Although he briefly returned to the Caribbean after he finished his studies, he no longer felt at home there and in 1953, after a stint in Paris, he accepted a position as chef de service (chief of staff) for the psychiatric ward of the Blida-Joinville hospital in Algeria. The following year, 1954, marked the eruption of the Algerian war of independence against France, an uprising directed by the Front de Libération Nationale (FLN) and brutally repressed by French armed forces. Working in a French hospital, Fanon was increasingly responsible for treating both the psychological distress of the soldiers and officers of the French army who carried out torture in order to suppress anti-colonial resistance and the trauma suffered by the Algerian torture victims. Already alienated by the homogenizing effects of French imperialism, by 1956 Fanon realized he could not continue to aid French efforts to put down a decolonization movement that commanded his political loyalties, and he resigned his position at the hospital.
Once he was no longer officially working for the French government in Algeria, Fanon was free to devote himself to the cause of Algerian independence.

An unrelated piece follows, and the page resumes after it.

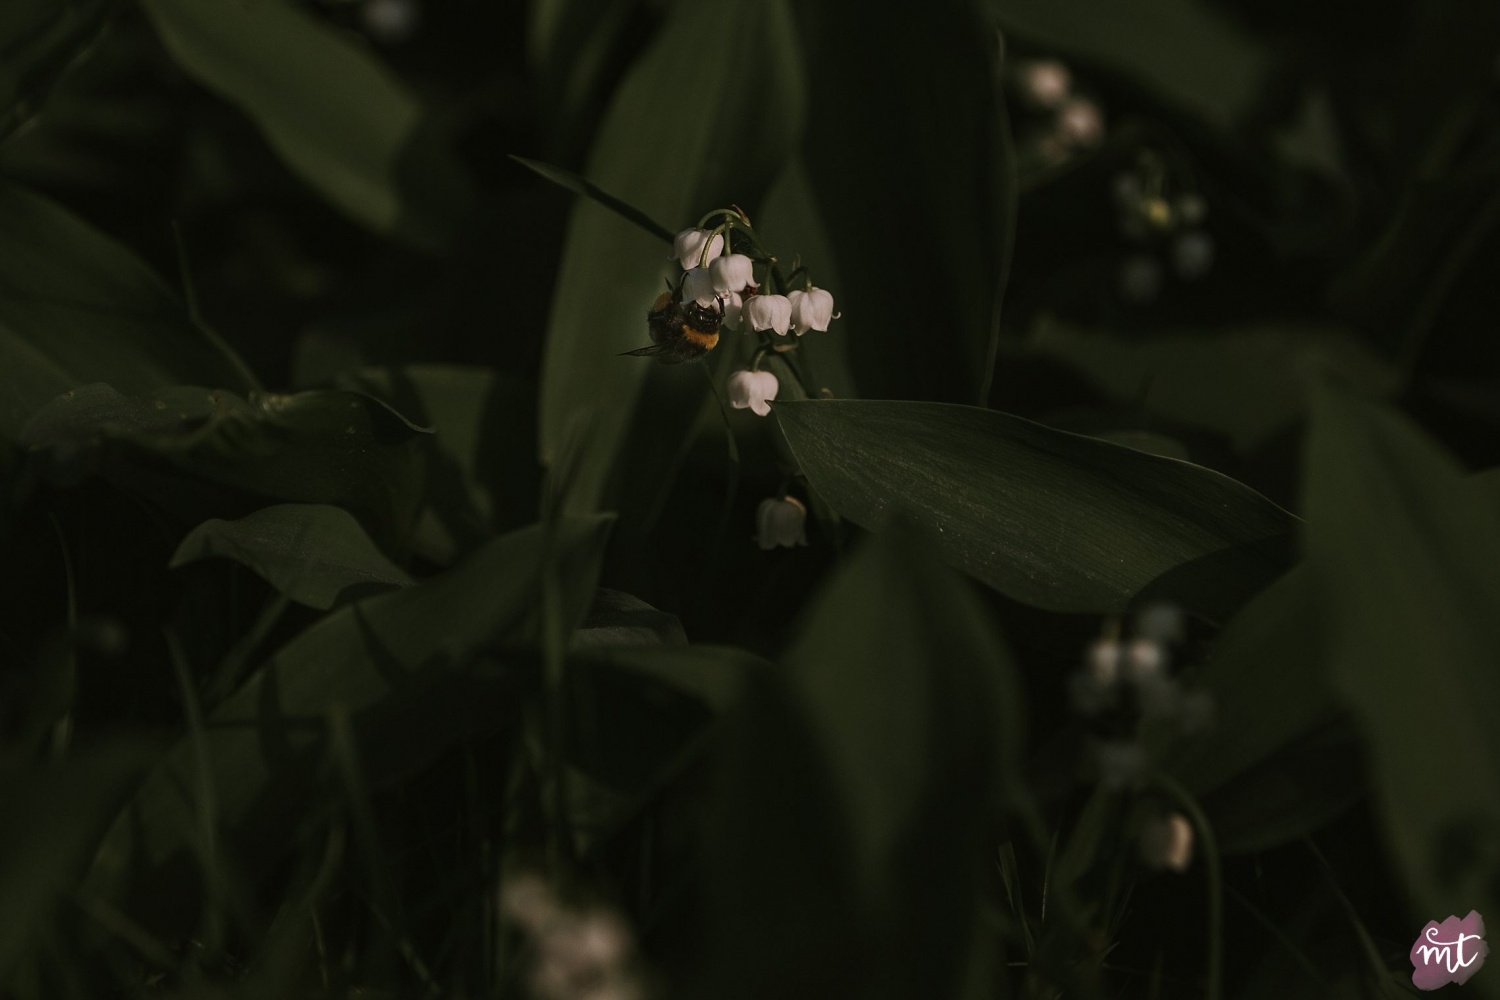 Seasons, Summer, Natural Light, UK Photographer, Real Life, Mother Nature, Lily of the Valley

During this period, he was based primarily in Tunisia where he trained nurses for the FLN, edited its newspaper el Moujahid, and contributed articles about the movement to sympathetic publications, including Presence Africaine and Jean-Paul Sartre’s journal Les Temps Modernes. Some of Fanon’s writings from this period were published posthumously in 1964 as Pour la Révolution Africaine (Toward the African Revolution). In 1959 Fanon published a series of essays, L’An Cinq, de la Révolution Algérienne, (The Year of the Algerian Revolution) which detail how the oppressed natives of Algeria organized themselves into a revolutionary fighting force. That same year, he took up a diplomatic post in the provisional Algerian government, ambassador to Ghana, and used the influence of this position to help open up supply routes for the Algerian army. It was in Ghana that Fanon was diagnosed with the leukemia that would be his cause of death. Despite his rapidly failing health, Fanon spent ten months of his last year of life writing the book for which he would be most remembered, Les Damnés de la Terre, an indictment of the violence and savagery of colonialism which he ends with a passionate call for a new history of humanity to be initiated by a decolonized Third World. In October 1961, Fanon was brought to the United States by a C.I.A. agent so that he could receive treatment at a National Institutes of Health facility in Bethesda, Maryland. He died two months later, on December 6, 1961, reportedly still preoccupied with the cause of liberty and justice for the peoples of the Third World. At the request of the FLN, his body was returned to Tunisia, where it was subsequently transported across the border and buried in the soil of the Algerian nation for which he fought so single-mindedly during the last five years of his life.
2. Africana Phenomenology
Fanon’s contribution to phenomenology, glossed as a critical race discourse (an analysis of the pre-conscious forces shaping the self that organizes itself around race as a founding category), most particularly his exploration of the existential challenges faced by black human beings in a social world that is constituted for white human beings, receives its most explicit treatment in Peau Noire, Masques Blancs. The central metaphor of this book, that black people must wear “white masks” in order to get by in a white world, is reminiscent of W.E.B. Du Bois’ argument that African Americans develop a double consciousness living under a white power structure: one that flatters that structure (or some such) and one experienced when among other African Americans. Fanon’s treatment of the ways black people respond to a social context that racializes them at the expense of our shared humanity ranges across a broader range of cultures than Du Bois, however; Fanon examines how race shapes (deforms) the lives of both men and women in the French Caribbean, in France, and in colonial conflicts in Africa. Africana sociologist Paget Henry characterizes Fanon’s relation to Du Bois in the realm of phenomenology as one of extension and of clarification, since he offers a more detailed investigation of how the self encounters the trauma of being categorized by others as inferior due to an imposed racial identity and how that self can recuperate a sense of identity and a cultural affiliation that is independent of the racist project of an imperializing dominant culture.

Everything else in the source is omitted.